Sunday, 12 May 2019

The bubble of a manicured society

My family and I have lived in gated communities for nine years now.

My family and I have lived in gated communities for nine years now. Inside the tall gates of our community, we live amid planned, manicured gardens with play areas. Outside these walls the chaos of urban life rages. A chaos our children rarely come in to contact with. Air-conditioned buses take them to beautifully designed schools and bring them home again.

We drive them to birthday parties, movies and play dates. The last time my son took public transport, he was two years old and we were living in London. He will soon turn 11. When I was 11, I was catching two PTC buses to get to school. Like so many other parents of my generation, I am raising my children in a bubble. We have chosen to do this for our own convenience, and as we tell ourselves, the safety and wellbeing of our children. (Though numerous incidents in the recent past tell us that safety is not always a guarantee)

Our children have space to play in, pools to splash about in and enough classes to keep them occupied from the time they come home till the time they go to sleep. Why should they have to take the 13B to Panagal Park and then switch to get to school? A year ago, my boys and I walked for about 15 minutes home from a clinic. Mind you, we only did that after trying to book a taxi. You would have thought my children were walking the course of the Comrades Ultramarathon.

‘It’s hot!’ ‘I’m thirsty!’ ‘It’s dusty!’ ‘How much longer?’ ‘Why is it so noisy?’ I looked at these two children I had created with a mix of horror and fascination. How had they turned out like this, I wondered. But of course, I knew the answer. I had raised them with limited, carefully curated access to the world outside. This was not their fault.
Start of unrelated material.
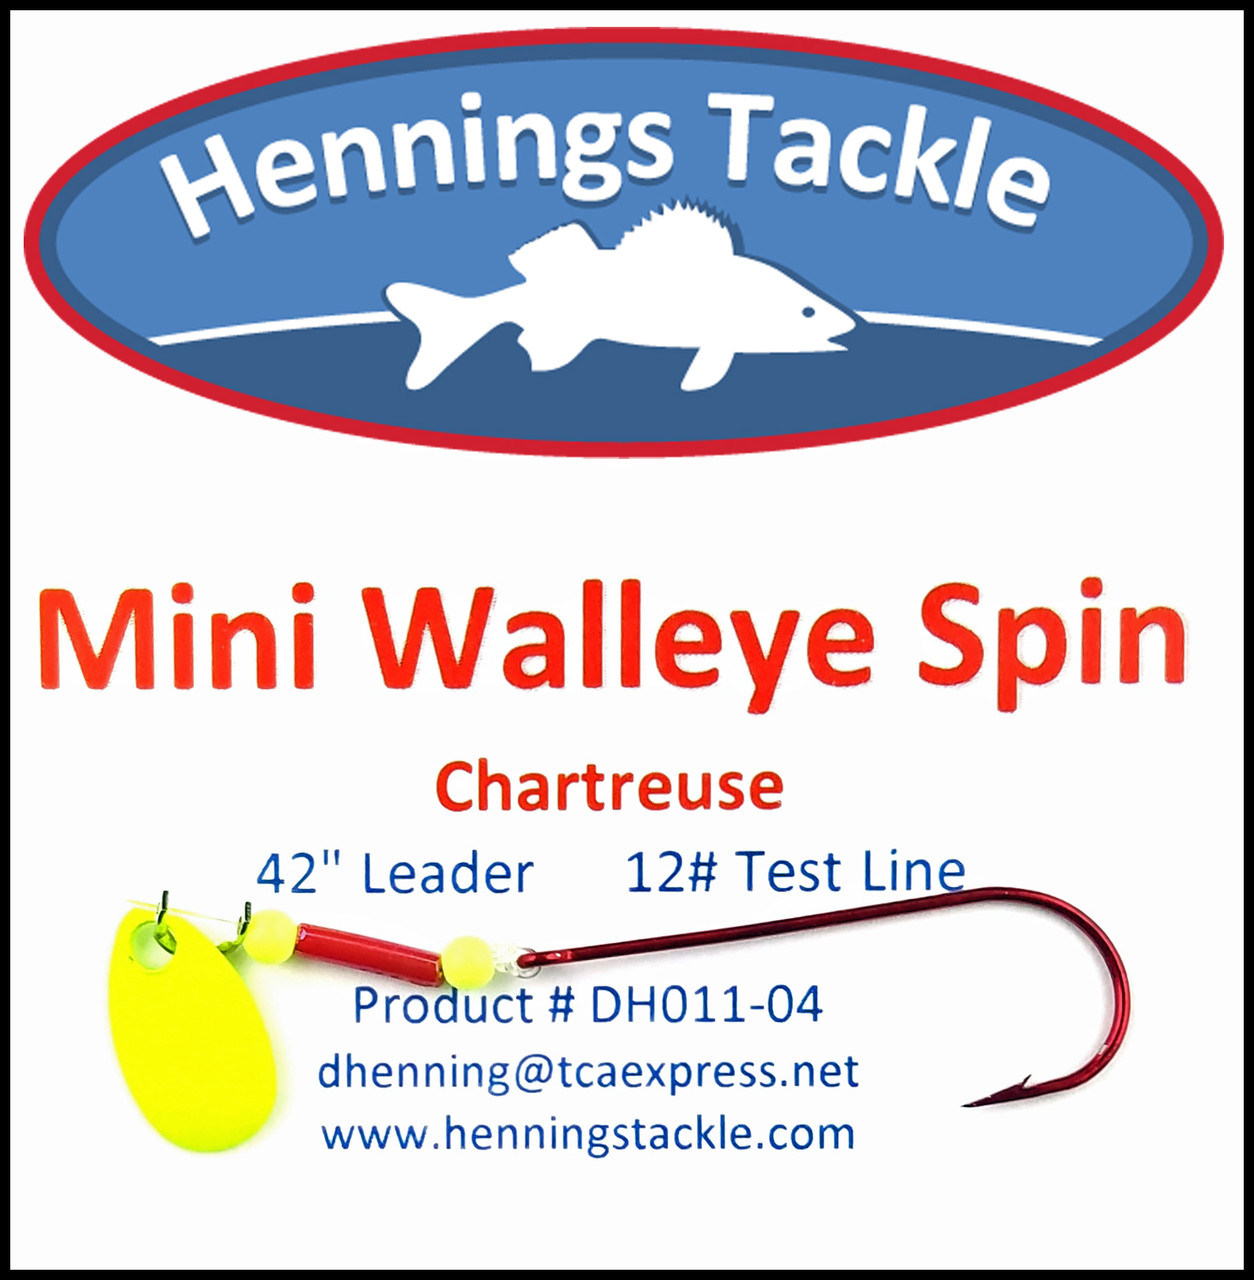 Mini Walleye Spin - Chartreuse - Henning's Tackle

This weekend we took a train to Chennai and again the questions rained. ‘Why does the station smell?’ ‘Why are people sleeping on the platform?’ ‘Why does that dog have only one ear?’ My almost eight-year-old declared that he never wanted to travel by train again because ‘seeing poor people makes me sad.’ He has already learned that the best way to not have to deal with things that make him uncomfortable is to avoid them. Not confront them. Or understand them.

Or try to look for ways to solve them. But, to avoid.
My boys and their friends will grow up and learn statistics about health and poverty. But it will remain an abstract concept to them. Something they occasionally see at train stations and signals and on school ‘outreach’ trips.

On the train home, I looked out the window as Chennai gave way to smaller towns and villages, fascinated by the changing buildings, dried lakes and station names. My children were glued to their devices, preferring to immerse themselves in a make believe world rather than look outside at the real one. Another bubble inside their bubble. I don’t blame my children. These are bubbles I have created. The question is, how do I burst them? Where do I begin?